START INFORMATION SHOWN

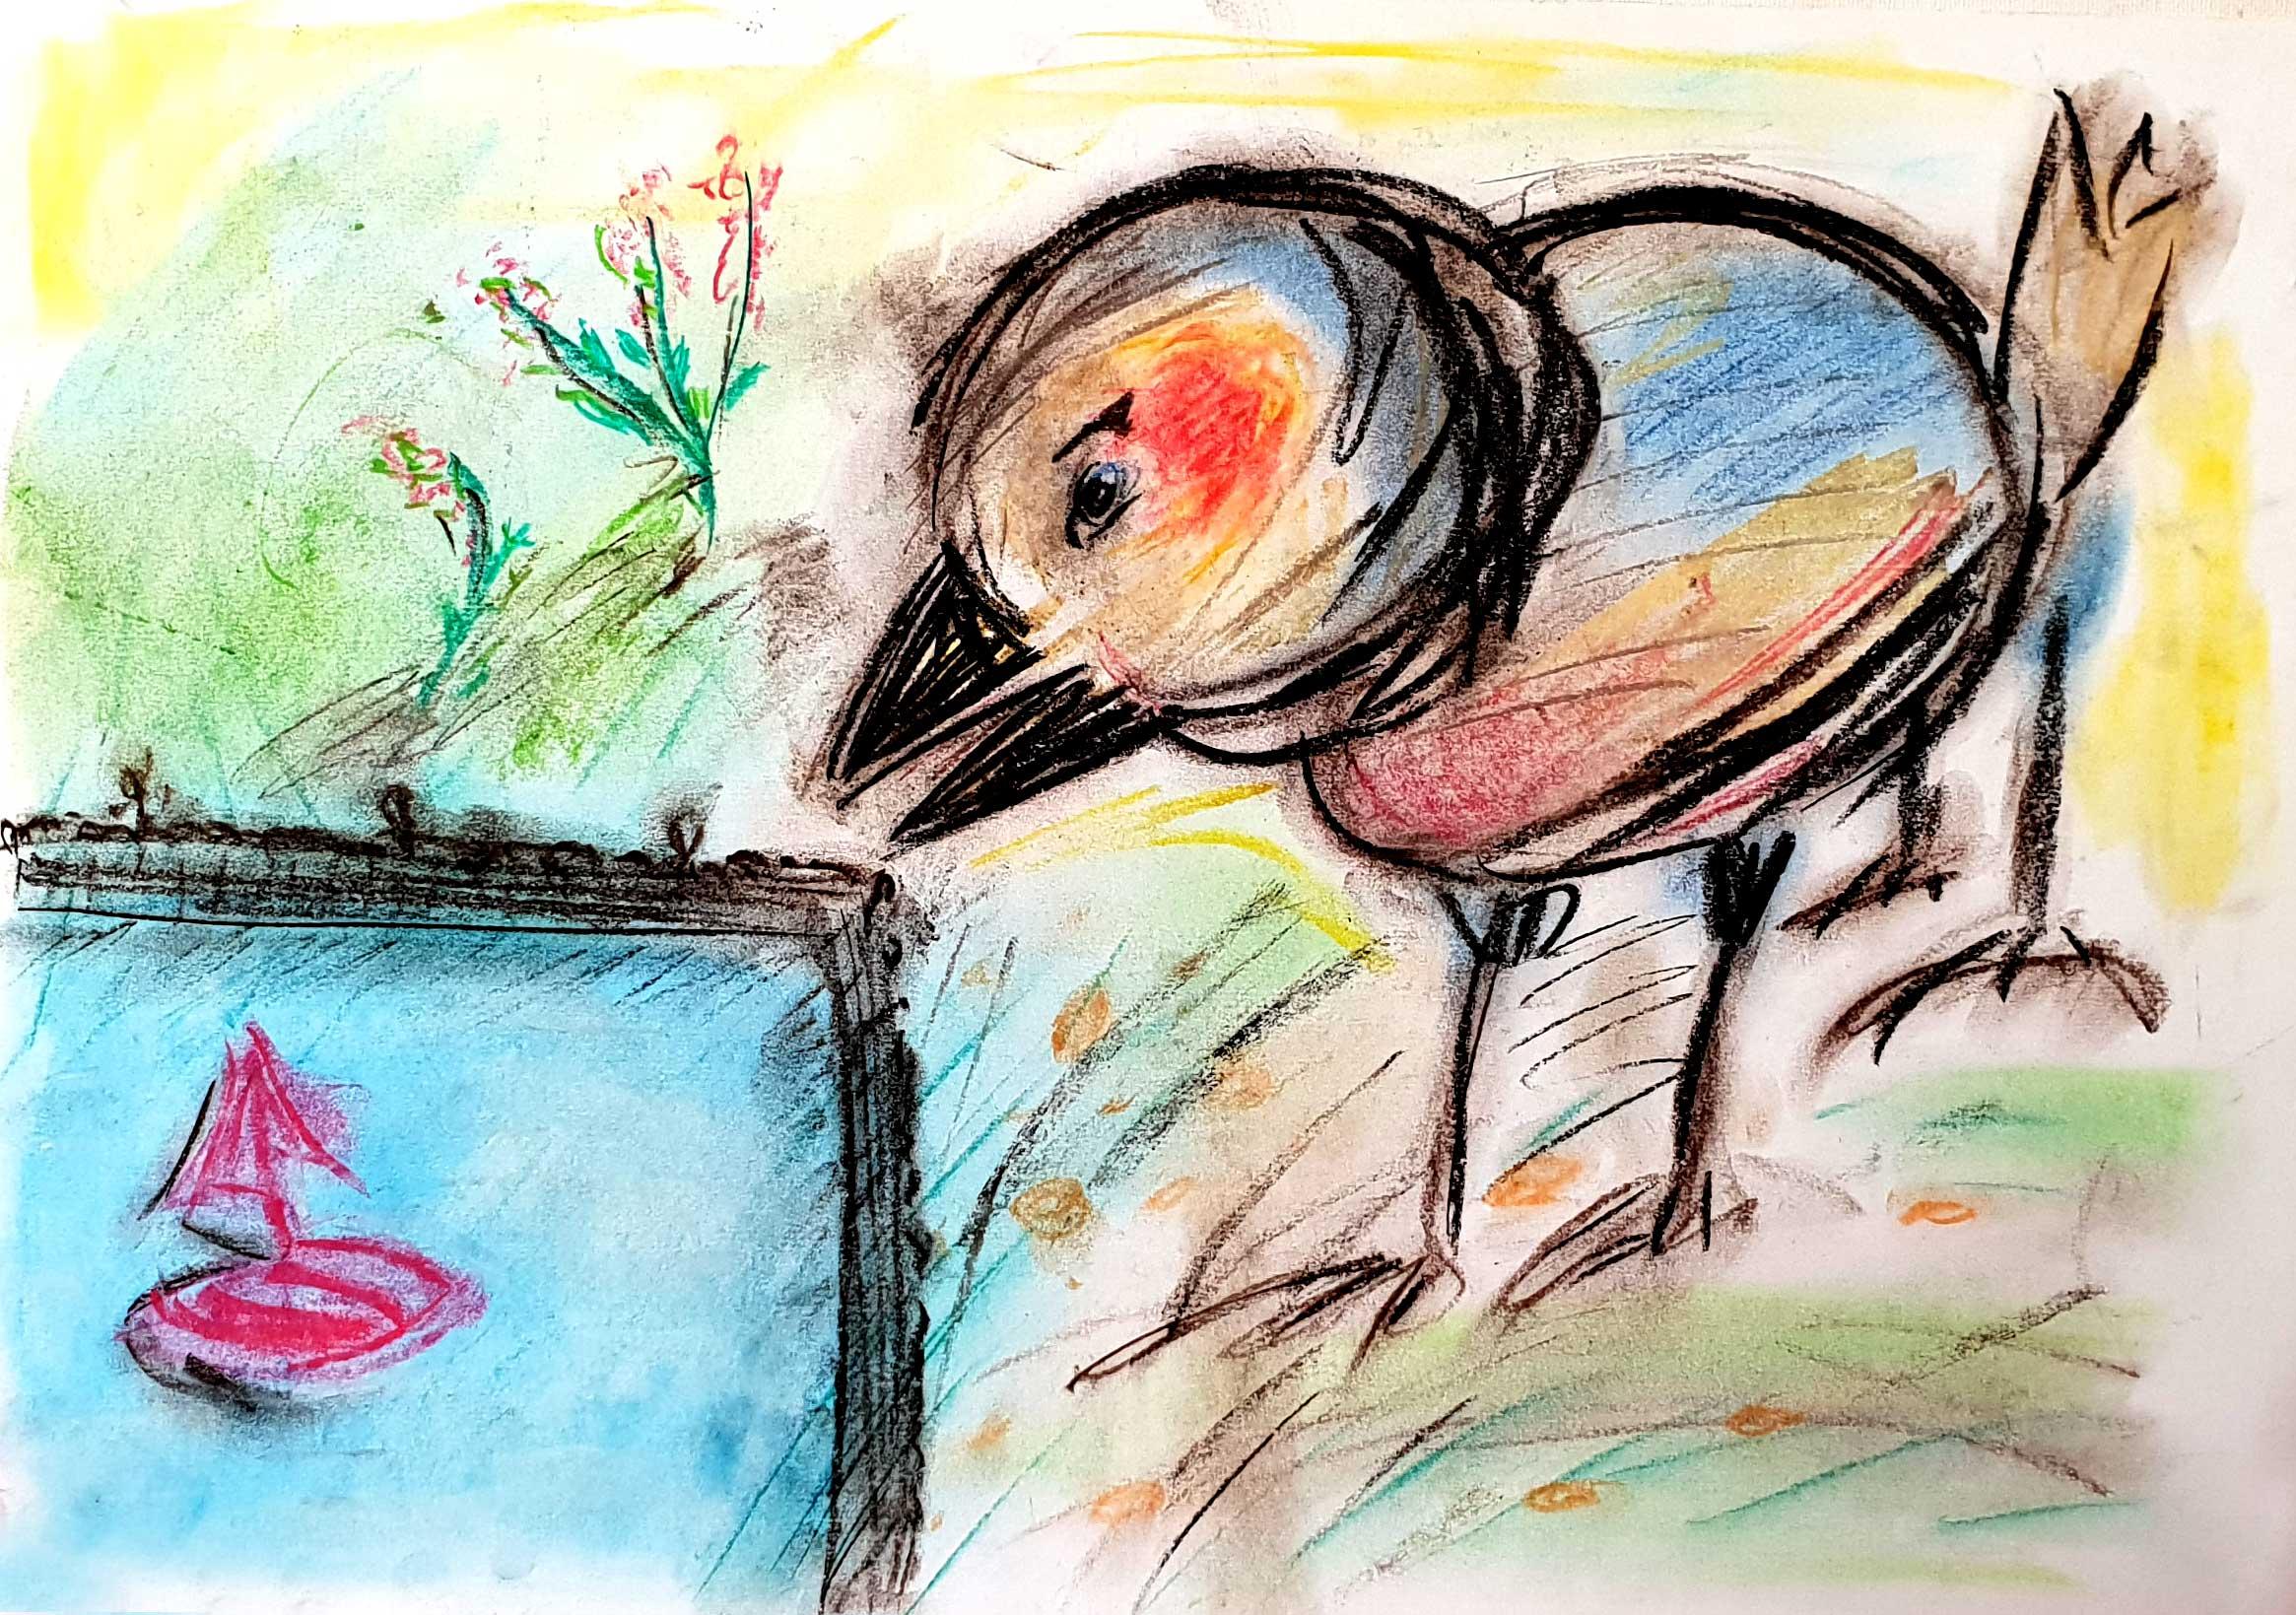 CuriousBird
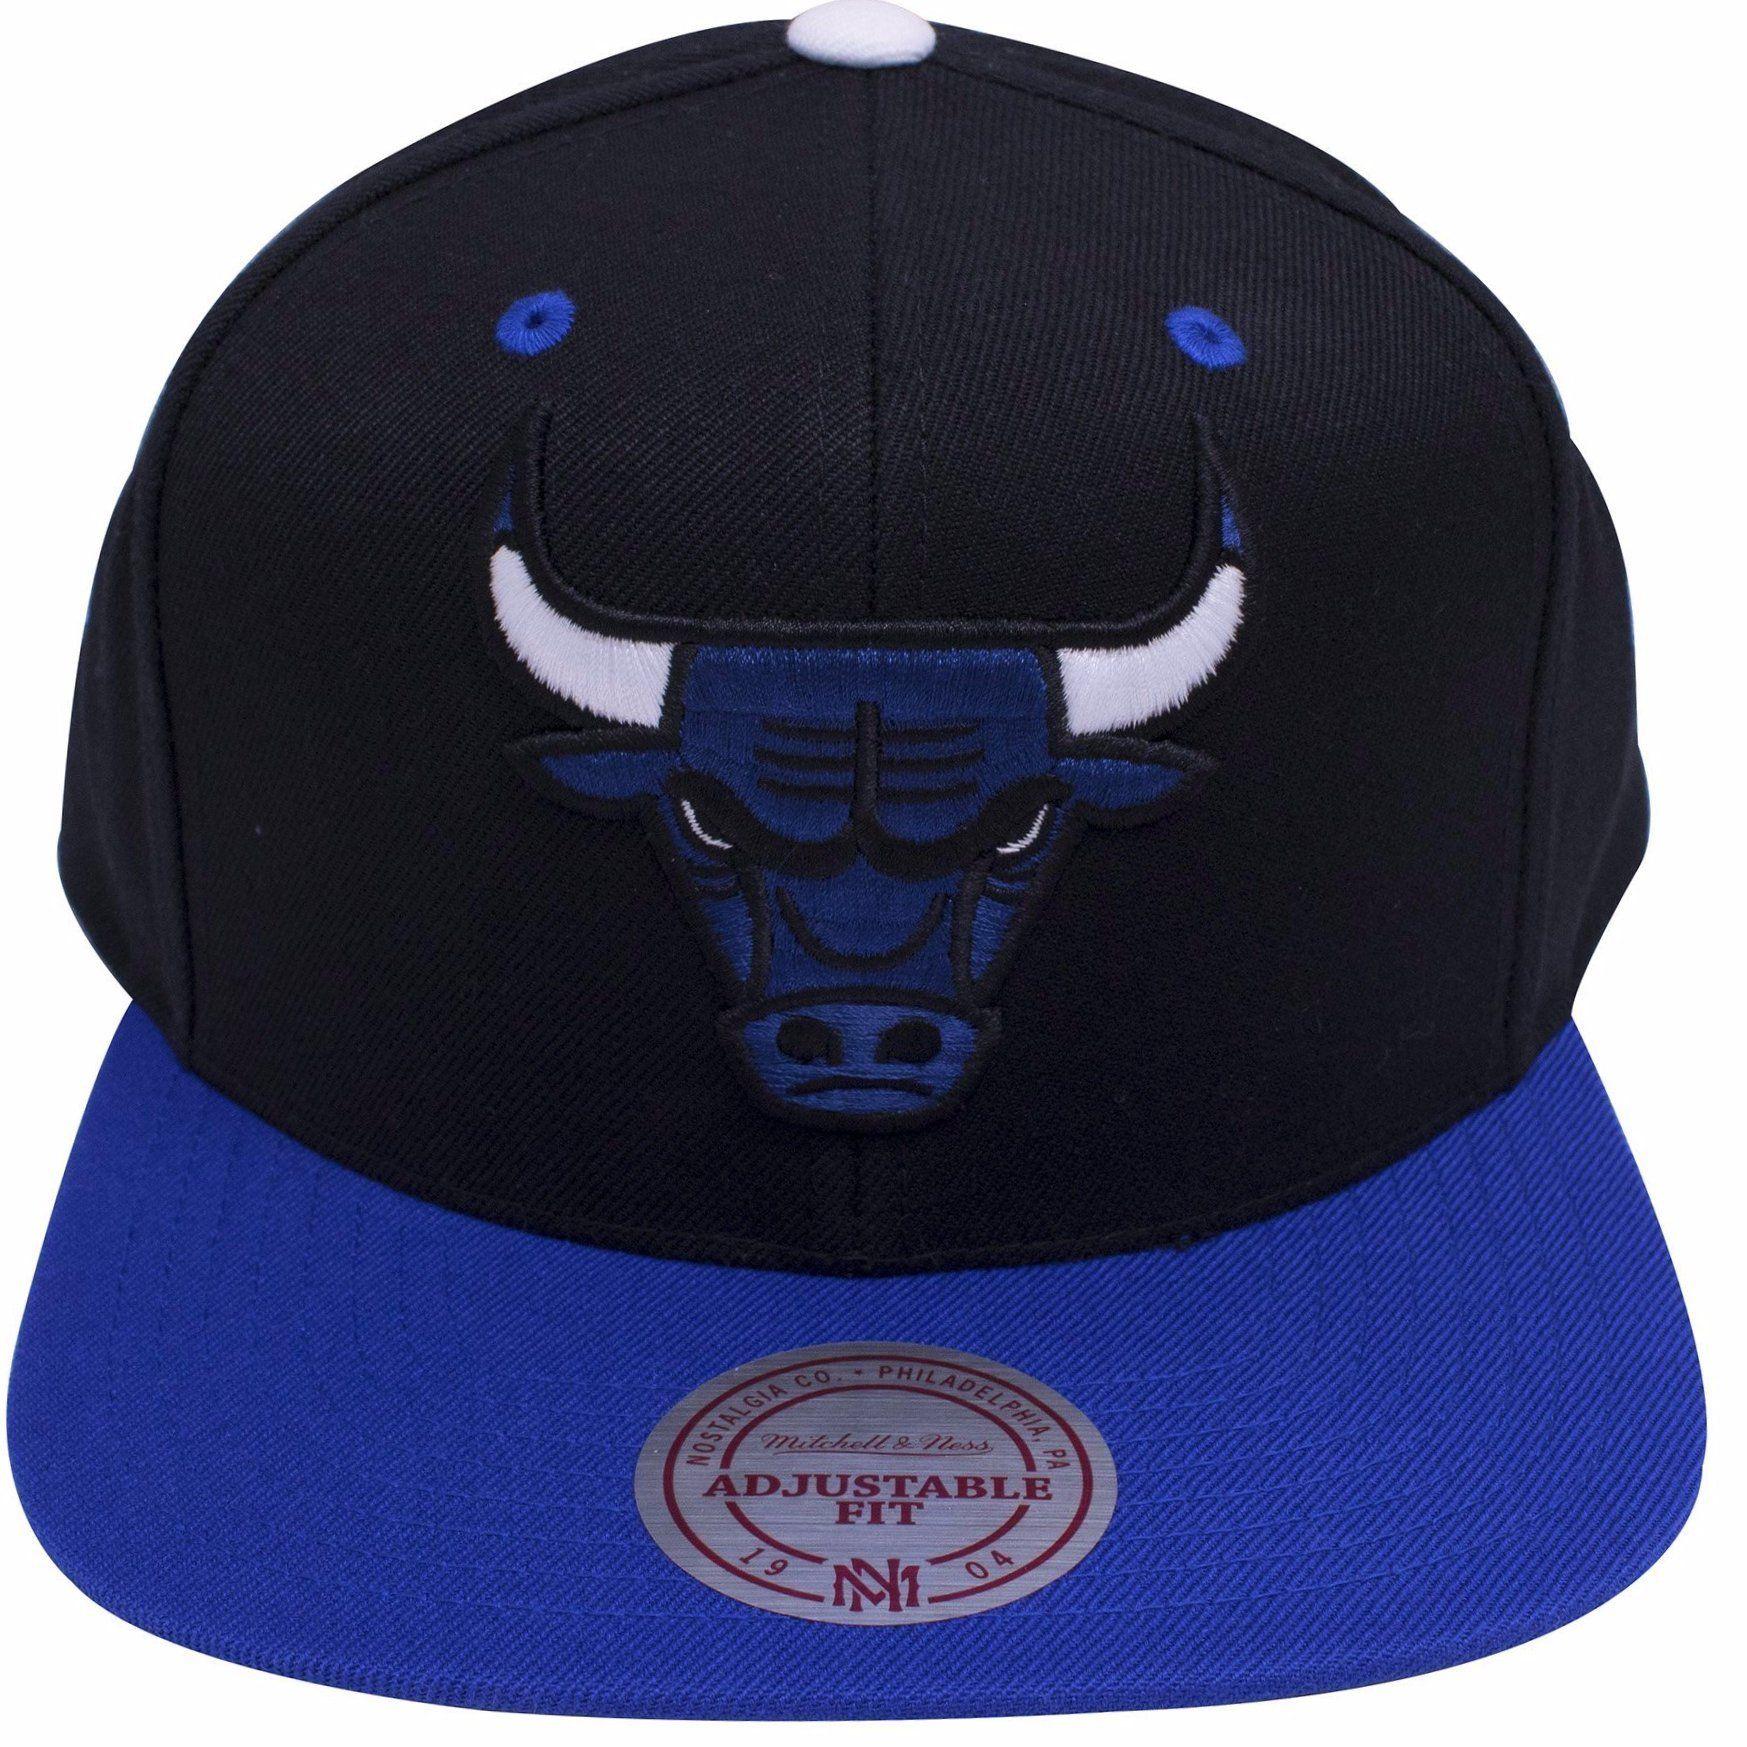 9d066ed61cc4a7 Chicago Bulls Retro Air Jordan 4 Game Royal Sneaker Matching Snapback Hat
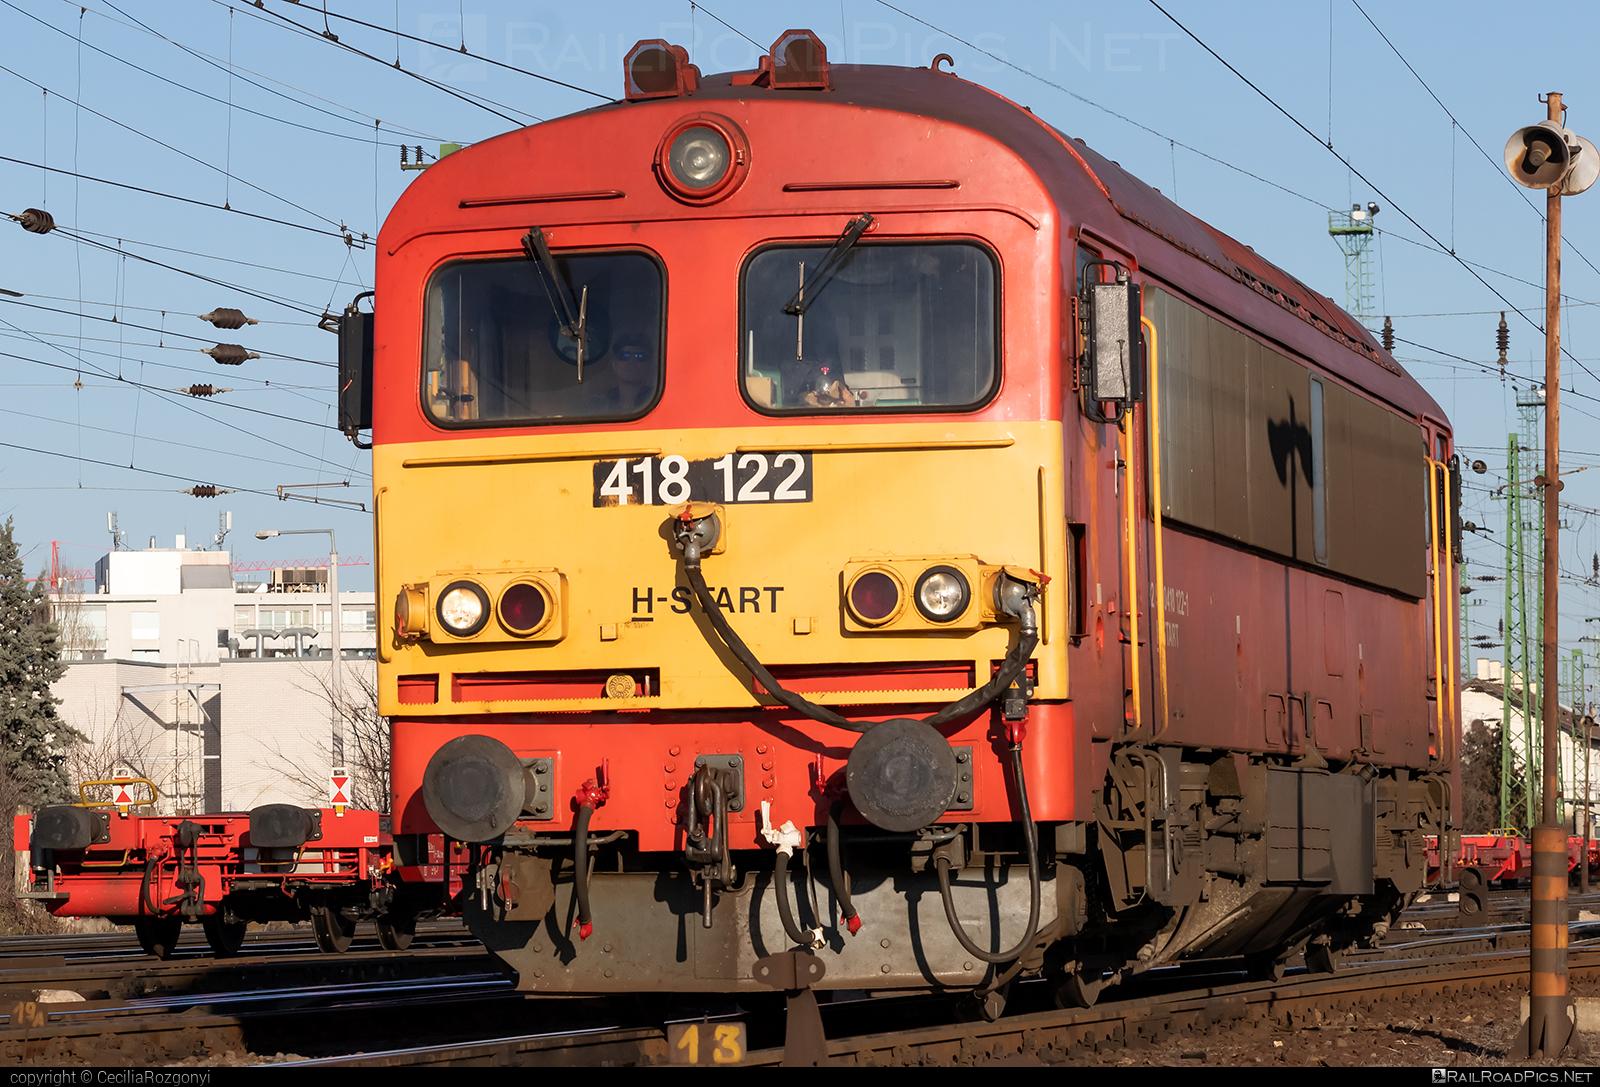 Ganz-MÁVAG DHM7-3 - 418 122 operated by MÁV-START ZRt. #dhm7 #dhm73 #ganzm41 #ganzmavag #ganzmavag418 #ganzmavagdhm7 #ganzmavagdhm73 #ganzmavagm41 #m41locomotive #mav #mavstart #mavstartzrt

END INFORMATION SHOWN

EXERCISE DIRECTIONS:
Write out the material above once more, word for word. Images stay out.

SOLUTION TO THIS EXERCISE:
 CuriousBird
 9d066ed61cc4a7 Chicago Bulls Retro Air Jordan 4 Game Royal Sneaker Matching Snapback Hat
 Ganz-MÁVAG DHM7-3 - 418 122 operated by MÁV-START ZRt. #dhm7 #dhm73 #ganzm41 #ganzmavag #ganzmavag418 #ganzmavagdhm7 #ganzmavagdhm73 #ganzmavagm41 #m41locomotive #mav #mavstart #mavstartzrt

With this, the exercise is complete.